> Stored data:
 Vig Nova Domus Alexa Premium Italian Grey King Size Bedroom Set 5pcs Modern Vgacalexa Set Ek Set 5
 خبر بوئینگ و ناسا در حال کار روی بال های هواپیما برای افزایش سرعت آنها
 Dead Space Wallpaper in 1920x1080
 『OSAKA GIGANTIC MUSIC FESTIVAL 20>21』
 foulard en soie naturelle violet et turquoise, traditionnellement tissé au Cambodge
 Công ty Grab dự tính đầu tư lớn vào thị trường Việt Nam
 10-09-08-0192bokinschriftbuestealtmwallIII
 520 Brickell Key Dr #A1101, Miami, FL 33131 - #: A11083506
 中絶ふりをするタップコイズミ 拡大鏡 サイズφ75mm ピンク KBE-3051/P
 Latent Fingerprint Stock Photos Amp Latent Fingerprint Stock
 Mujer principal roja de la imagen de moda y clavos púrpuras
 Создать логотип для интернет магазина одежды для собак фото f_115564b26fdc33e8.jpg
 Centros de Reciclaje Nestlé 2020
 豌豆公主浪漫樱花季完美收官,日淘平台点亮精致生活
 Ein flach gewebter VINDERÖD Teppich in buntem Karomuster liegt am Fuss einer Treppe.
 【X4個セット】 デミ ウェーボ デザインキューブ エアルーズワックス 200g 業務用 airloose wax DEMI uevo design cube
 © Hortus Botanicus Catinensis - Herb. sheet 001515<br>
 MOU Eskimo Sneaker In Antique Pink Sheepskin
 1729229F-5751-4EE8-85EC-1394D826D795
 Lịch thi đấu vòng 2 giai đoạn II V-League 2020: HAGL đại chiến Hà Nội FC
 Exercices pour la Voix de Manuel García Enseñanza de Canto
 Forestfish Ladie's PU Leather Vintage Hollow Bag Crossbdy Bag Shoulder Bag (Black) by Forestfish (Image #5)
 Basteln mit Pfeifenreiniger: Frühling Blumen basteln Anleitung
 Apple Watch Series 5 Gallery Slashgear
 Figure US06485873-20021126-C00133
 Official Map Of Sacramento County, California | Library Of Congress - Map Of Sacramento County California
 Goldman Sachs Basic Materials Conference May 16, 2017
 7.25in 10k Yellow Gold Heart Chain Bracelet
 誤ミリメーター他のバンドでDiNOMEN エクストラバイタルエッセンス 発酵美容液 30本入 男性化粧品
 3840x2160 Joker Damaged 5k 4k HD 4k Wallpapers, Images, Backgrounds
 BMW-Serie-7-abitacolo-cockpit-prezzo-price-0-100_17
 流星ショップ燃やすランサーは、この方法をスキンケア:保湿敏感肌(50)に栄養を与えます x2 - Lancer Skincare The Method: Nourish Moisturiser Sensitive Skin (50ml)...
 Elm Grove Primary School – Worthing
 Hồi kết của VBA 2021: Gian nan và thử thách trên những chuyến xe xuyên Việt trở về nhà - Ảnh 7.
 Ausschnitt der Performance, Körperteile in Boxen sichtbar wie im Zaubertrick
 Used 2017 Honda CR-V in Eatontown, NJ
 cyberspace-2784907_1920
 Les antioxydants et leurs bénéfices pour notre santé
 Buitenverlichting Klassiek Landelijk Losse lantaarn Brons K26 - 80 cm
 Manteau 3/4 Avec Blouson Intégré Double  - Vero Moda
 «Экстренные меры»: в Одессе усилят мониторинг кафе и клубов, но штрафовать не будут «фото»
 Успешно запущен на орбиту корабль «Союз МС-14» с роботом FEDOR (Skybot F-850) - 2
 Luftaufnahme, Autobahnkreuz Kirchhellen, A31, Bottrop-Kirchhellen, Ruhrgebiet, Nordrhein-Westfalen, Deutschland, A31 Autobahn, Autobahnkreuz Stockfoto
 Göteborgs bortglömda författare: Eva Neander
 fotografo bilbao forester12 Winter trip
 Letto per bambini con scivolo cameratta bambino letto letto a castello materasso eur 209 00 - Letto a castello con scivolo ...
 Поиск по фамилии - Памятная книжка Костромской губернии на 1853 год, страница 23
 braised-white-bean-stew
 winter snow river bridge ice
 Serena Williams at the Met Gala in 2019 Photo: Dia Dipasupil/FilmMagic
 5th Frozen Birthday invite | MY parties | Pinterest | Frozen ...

> TASK INSTRUCTIONS: Pick from the records each line that contains the word "pour" and show it.

> FINISHED TASK:
 Exercices pour la Voix de Manuel García Enseñanza de Canto
 Les antioxydants et leurs bénéfices pour notre santé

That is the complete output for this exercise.